Why is there a library that builds classes and templates for C in an Actionscript site?

Because it has an Actionscript back-end that uses the same definitions to generate Actionscript code using the ‘C Preprocessor for Actionscript’ build chain.

Why ever on Earth would you want to THAT?

Maybe you just want to efficiently relay messages back & forth between Flash based clients for peer-to-peer games, or you have an MMO that you want to write and host on a dedicated Linux/Unix server. You can use somewhat less expensive dedicated hosting if you transfer more compact binary data and use a native server, rather than an interpreted one that at bests runs 1/10th as fast. A ‘custom’ server without 1001 back door options for scripting and ‘calling out’ to things is also more secure and easier for YOU to configure, while being a complete mystery to outsiders.
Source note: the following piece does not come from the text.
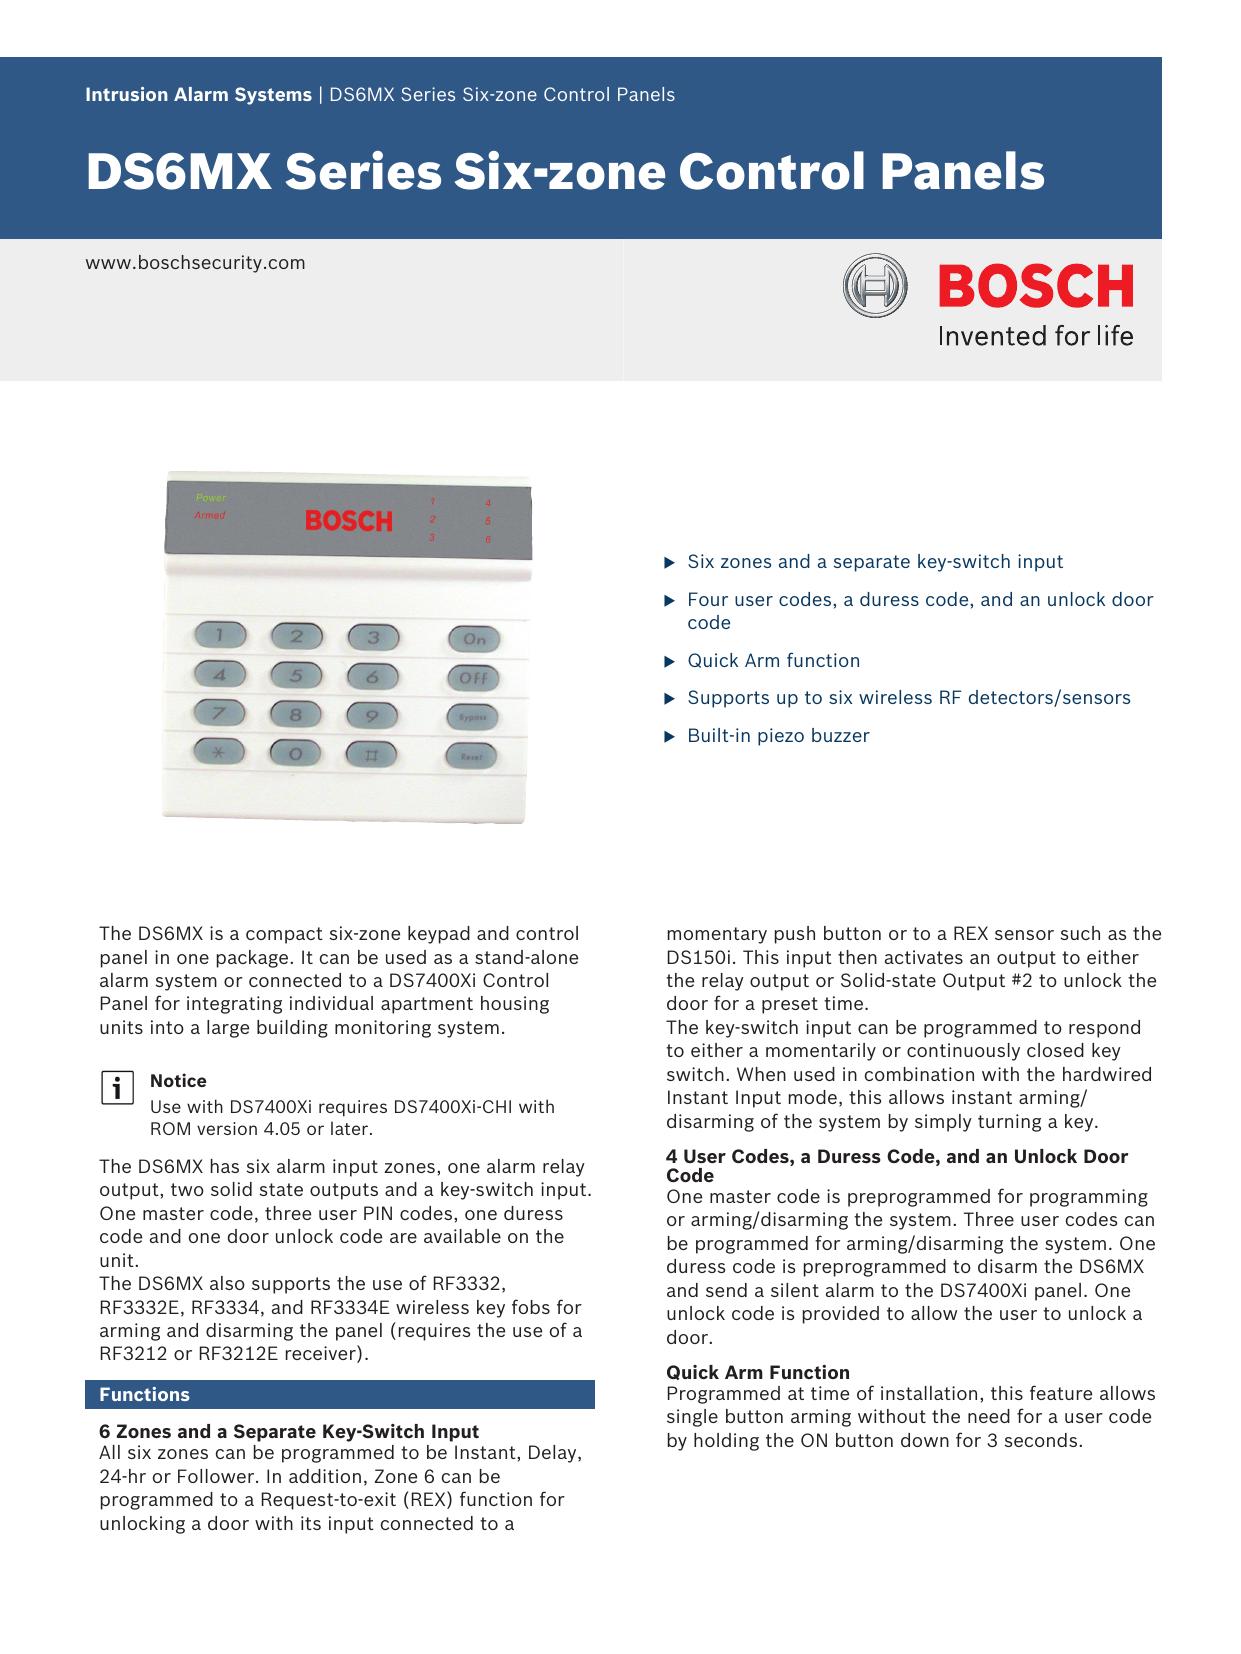 DS6MX Series Six-zone Control Panels | manualzz com

Unlike those expensive closed-source behemoths like Adobe’s Flash servers, this is absolutely tiny and native (builds with your Linux/UNIX GNU C), leaving more server RAM and CPU bandwidth to handle users, rather than load up ‘services’ and back-doors that you never use and probably don’t even know about.
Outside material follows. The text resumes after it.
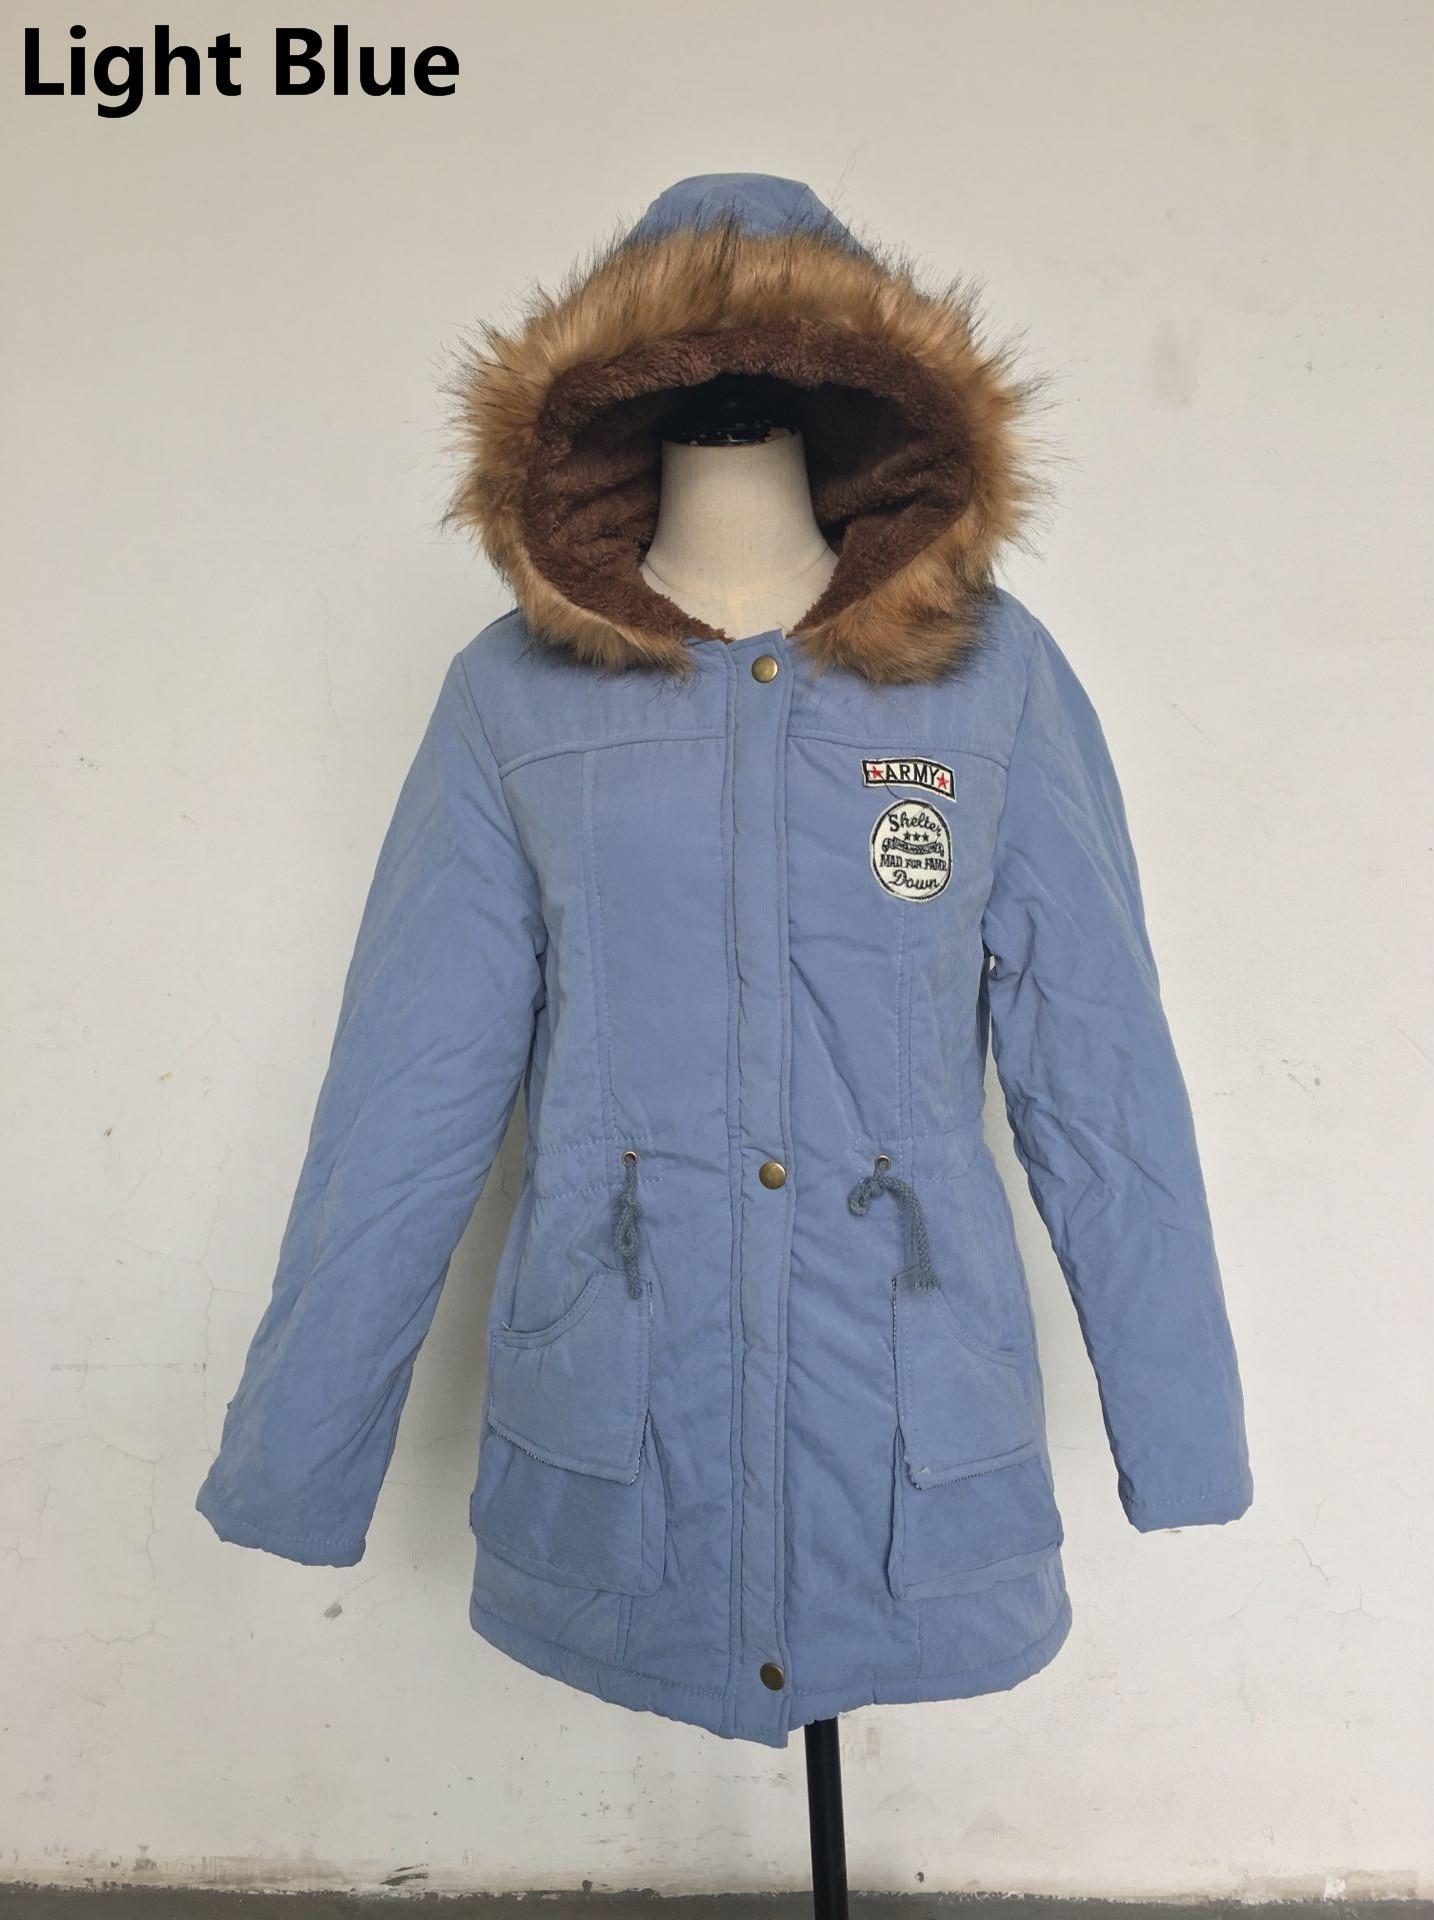 HTB1PdqKoStYBeNjSspaq6yOOFXae Women Parka Fashion Autumn Winter Warm Jackets Women Fur Collar Coats Long Parkas Hoodies Office Lady Cotton Plus Size

Though you can compile and run under Windows for debugging, a Windows server is NOT recommended for ‘live’ use, as WinSock sucks rotten eggs, and a Windows server will consume over half a 1GB host’s RAM just to boot. So, run several instances of your server under Linux, or use Windows and run one very slow and limited one. How hard a decision is that?

The server (and supporting code) as coded is SINGLE-THREADED. This is a ‘good thing’. For most models of where multiple users interact with each other, multi-threaded server code is a nightmare of locks and potential deadlocks. In this model, you get one select loop to do your dirty work in. If you have database or other file operations to consider, make a dedicated server to talk to your front-end server. This adds several important qualities. The database is in a separate process, not blocking the front-end server. If a bug crashes your front-end, the database won’t crash in the middle of an operation. The database can be shared by multiple front-ends. The connection to the database becomes a natural ‘queue’ for pending operations. As written, the socket code does few (or no) dynamic memory operations. This makes it inherently leak-resistant. It allocates all of what it needs at startup. This makes it trivial to decide how many servers ‘could’ run on a single machine. Just add up the memory footprint. It won’t get any bigger from there.
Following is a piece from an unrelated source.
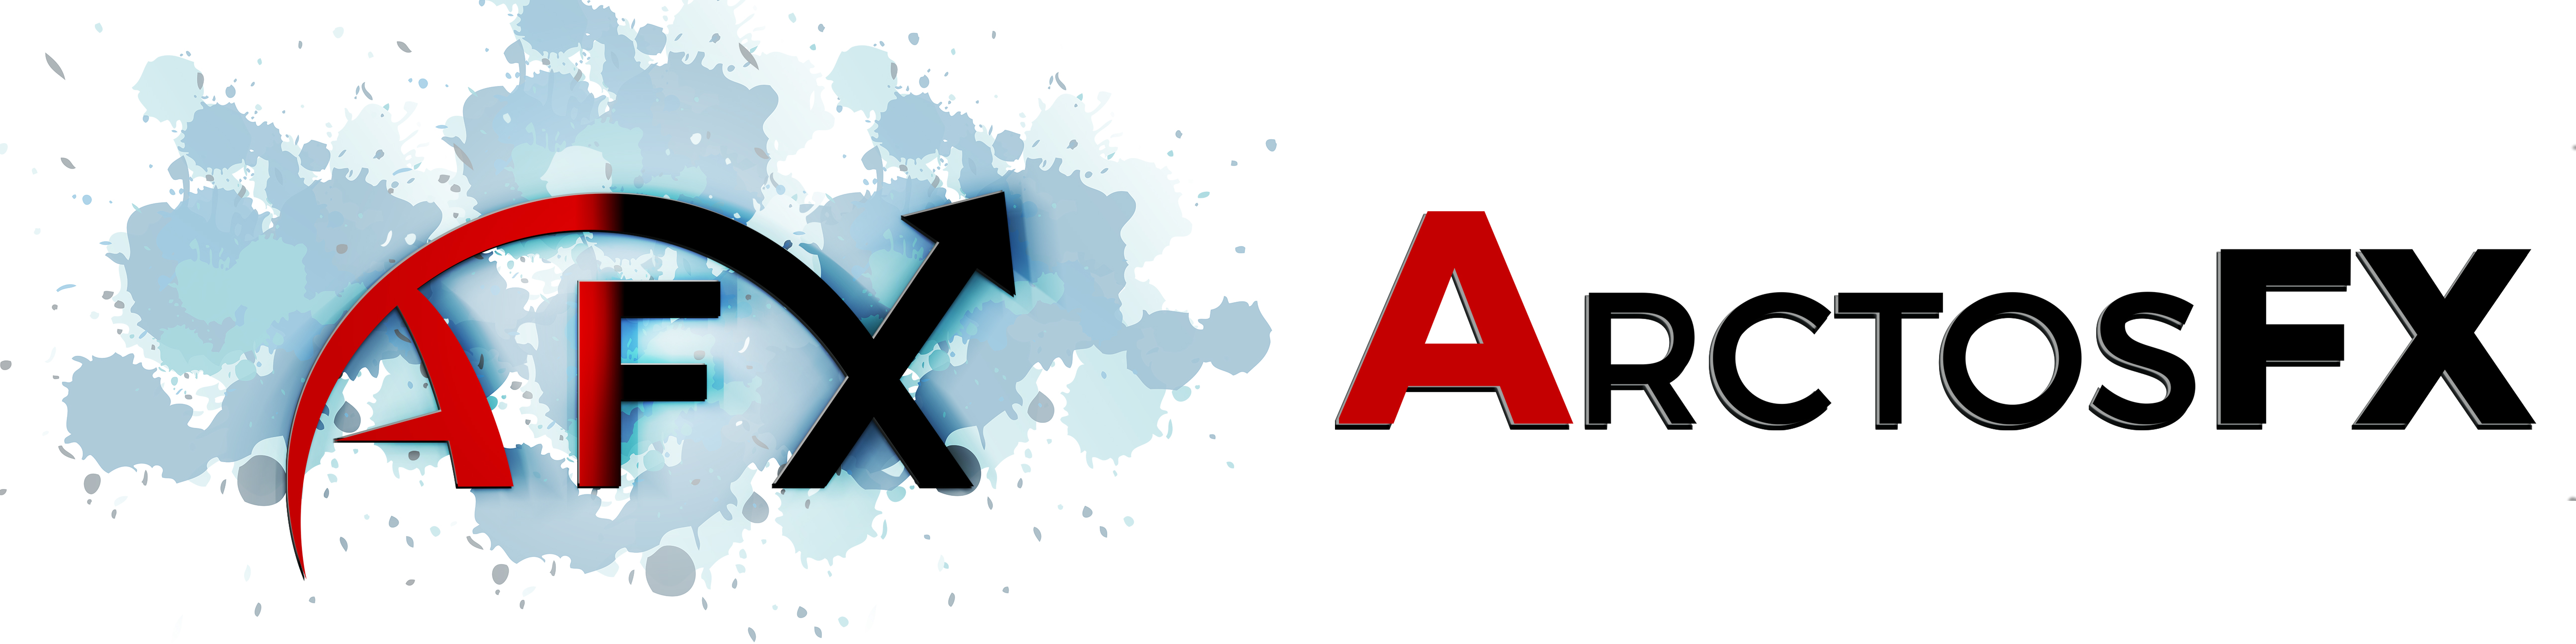 ArctosFX LLC

Also, the protocol (as defined, feel free to roll your own) supports raw serial data. So for a peer-to-peer messages, you can just dump AMF direcly into the packet to send to other Flash clients unadulterated. The server its self does not parse AMF. Too much trouble for too little return. The macros that build data use the flash.utils.ByteArray (IDataInput, IDataOutput) to build binary packets. This is a little extra work on the client to make a packet versus AMF, but a microscopic fraction of the work on the server to build and parse simple data types and strings instead of Flash’s internals.